In summary, I think we will see an attempt to buy Tuesday's dip. The bulls in the U.S. markets have not given up on the economic recovery concept. Earnings were very good and Q2 earnings are also expected to be good but stronger comparisons beginning in Q3 will make earnings a challenge unless top line sales pickup. That is not the problem today but will be the problem 3-4 months from now.

I believe a rebound will again fail at another lower high and that will be an additional signal that we are going to see lower lows ahead. I mentioned mitigating circumstances and one of those is the NonFarm Payrolls on Friday. This "should" be the best report in a couple years and many traders will be buying the dip in hopes of a blowout report. I am not that optimistic because I believe that number is already priced into the market. With Joe Biden running around claiming the number will be 250,000 new jobs or higher there are strong expectations already built into the market. With jobless claims holding in the 450,000 range it suggests that normal employment will be weak. I also expect jobless claims to spike from all the problems in the oil spill area. Tens of thousands of people are out of work from the closing of the fishing grounds and boats staying in port to avoid the oil.
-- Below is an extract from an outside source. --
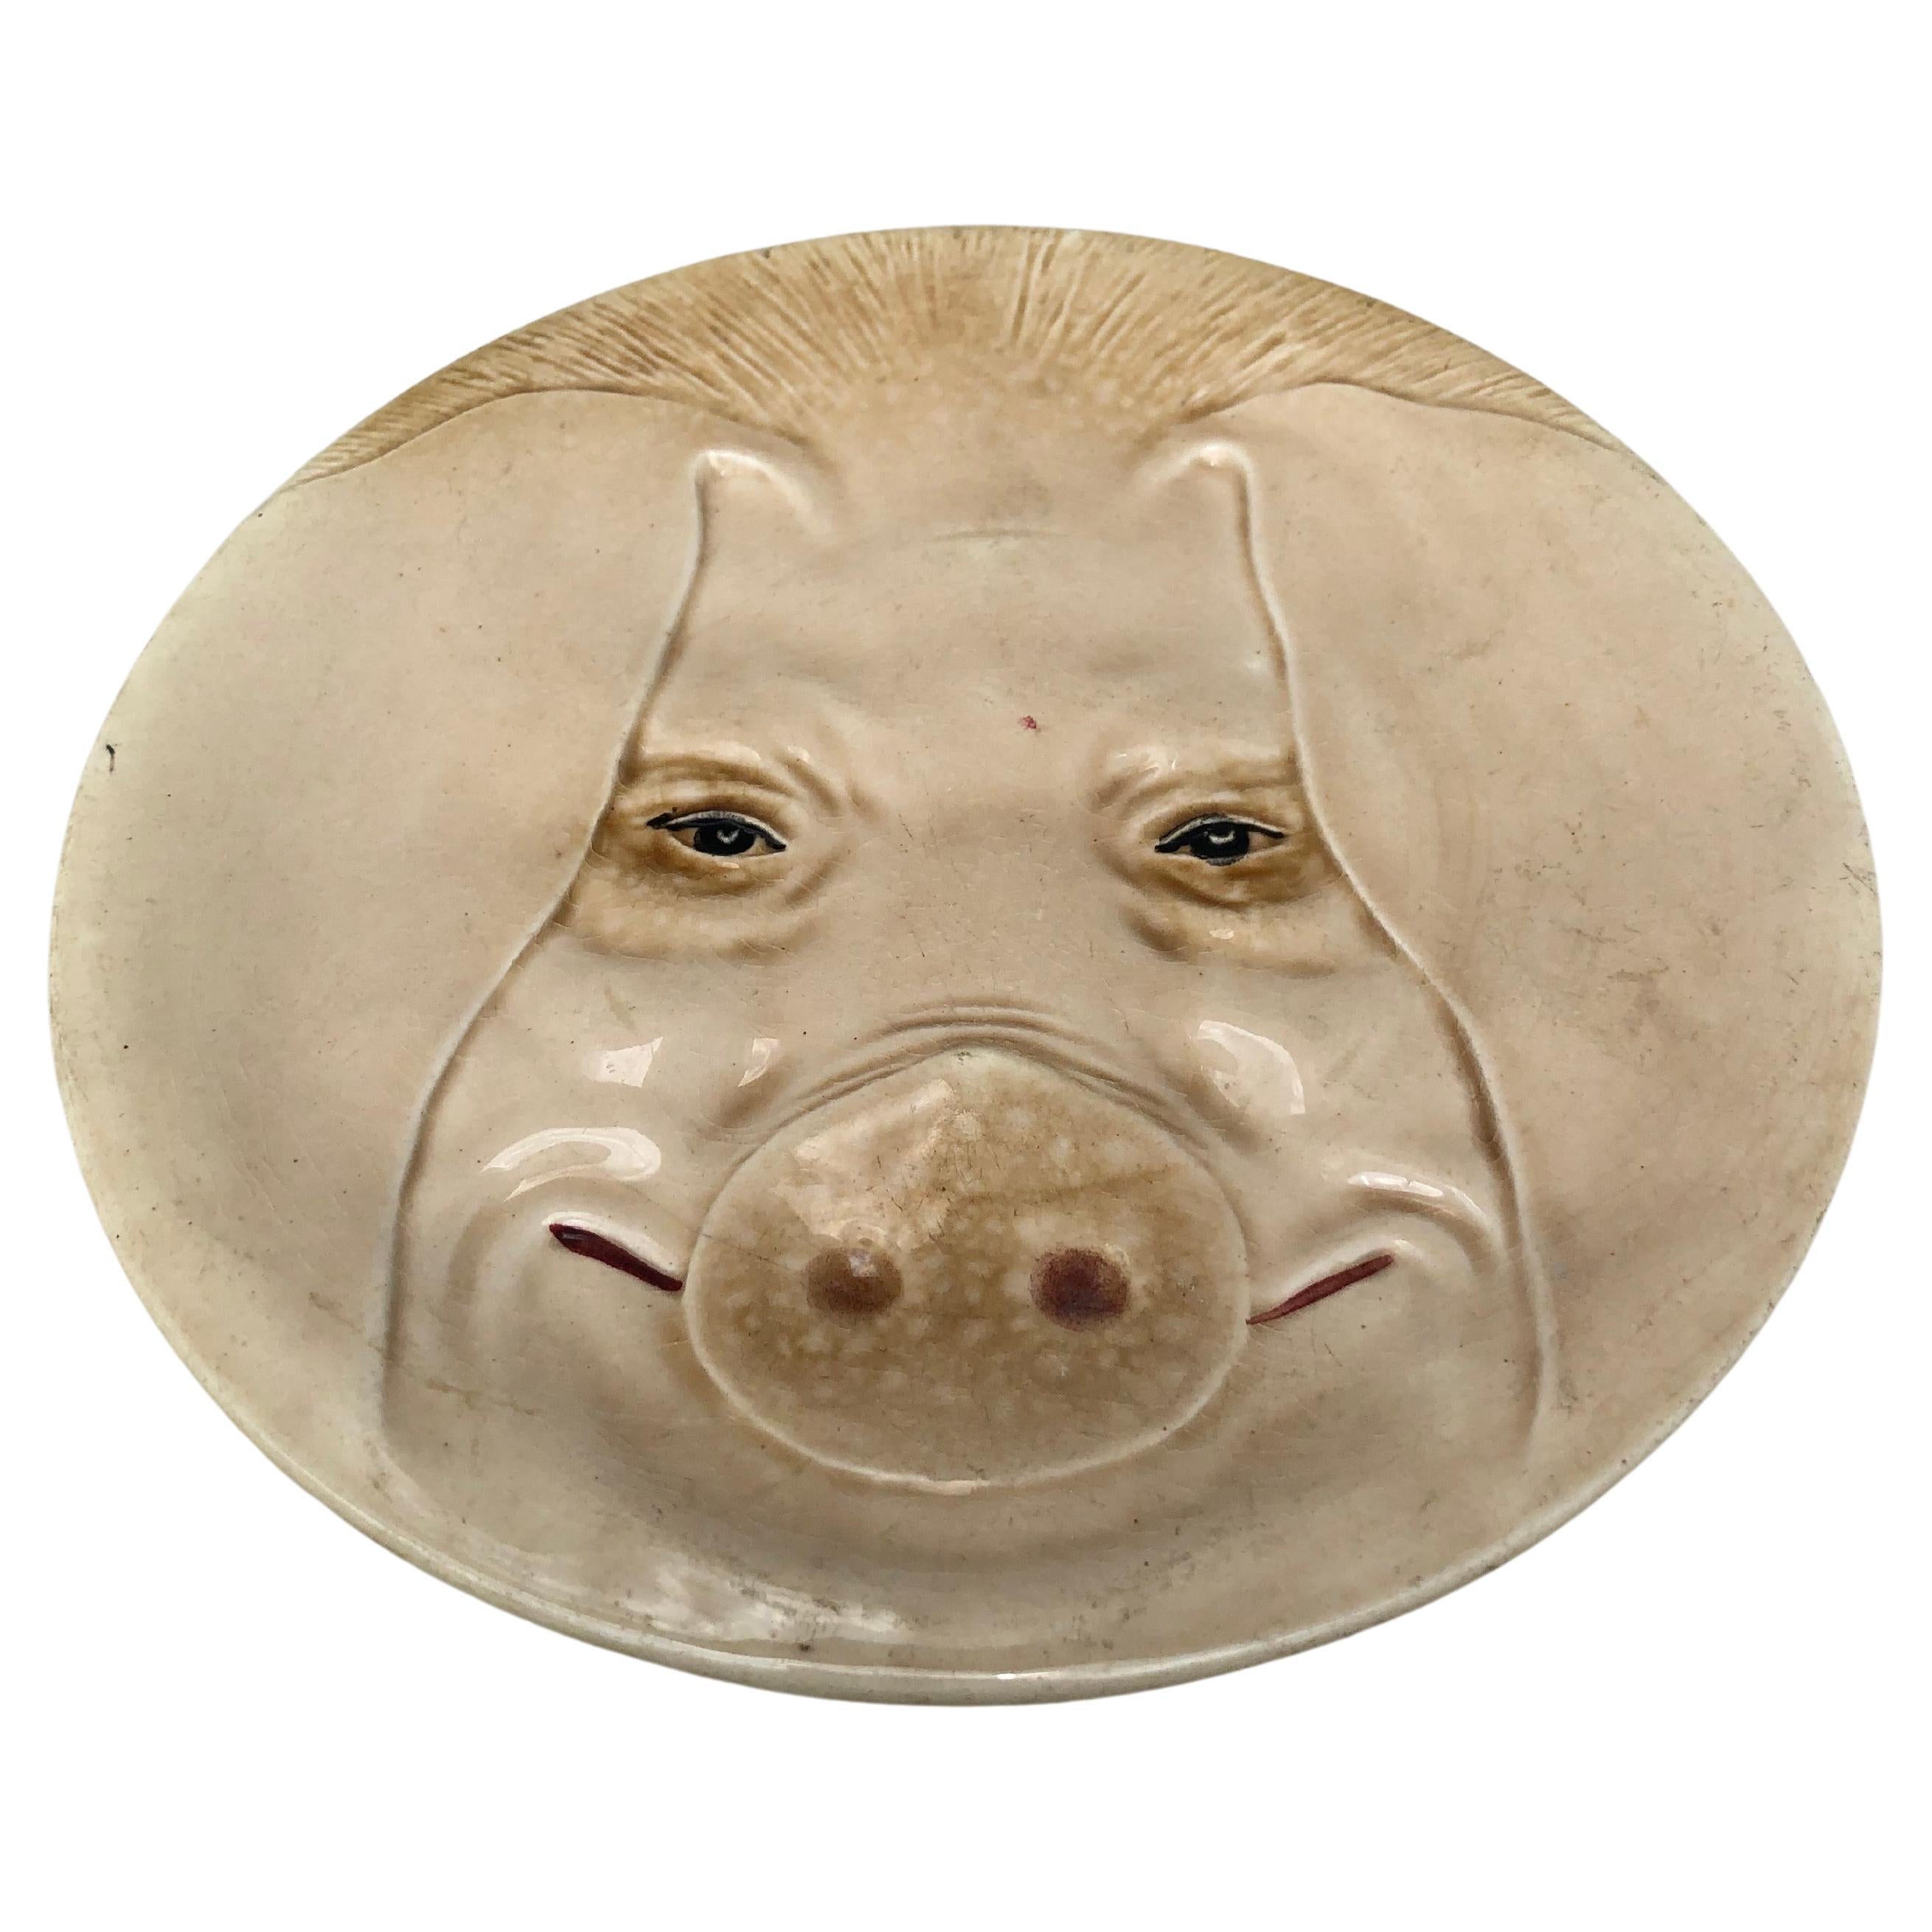 Insolite assiette en majolique française avec une tête de cochon fabriquée par Orchies (Nord de la France), vers 1900.

I have been expecting the markets to weaken since the peak in the earnings cycle when Microsoft announced. The markets actually peaked two days after that announcement. I expect the weakness to continue but I am not expecting a washout. The EU problems will continue to haunt us as will the financial reform bill, oil spill, resource tax and the end of the earnings cycle. I suspect it will become increasingly harder for the bulls to recover from these triple digit declines.

Jim Brown

New Plays

Let's Add an Entertainment Play

by Scott Hawes

Click here to email Scott Hawes

IMAX Corporation - IMAX - close 19.07 change -0.20 stop 16.75

IMAX Corporation together with its wholly owned subsidiaries, is an entertainment technology company, specializing in motion picture technologies and large-format motion picture presentations. The Company is engaged in designing and manufacturing of large-format digital and film-based theater systems (IMAX theater systems) and the sale or lease of such IMAX theater systems. The Company is also engaged in the production and distribution of original large-format films, the provision of post-production services for large-format films, the conversion of two-dimensional (2D) and three-dimensional (3D) Hollywood feature films for exhibition on IMAX theater systems worldwide, the operation of four IMAX theaters and the provision of services in support of IMAX theaters and the IMAX theater network worldwide. (source: company press release or website)

Why We Like It:
IMAX bounced nicely around $18.15 today which was a prior resistance level that should now act as support. The stock also created a bottoming tail candlestick on its daily chart which may indicate that sellers of the stock are waning. Buyers have been piling into the stock in recent months and IMAX reported earnings on 4/29 that beat expectations (.53 compared to .37 estimate). The company is experiencing a surge in earnings due to the onslaught of 3-D movies on the horizon. I suggest readers take advantage of the momentum and initiate positions if IMAX pulls back to $18.50. We will place our stop at $16.75 which is just below the 50-day SMA. Our target is $20.95 which is just below the stock's 52 week highs.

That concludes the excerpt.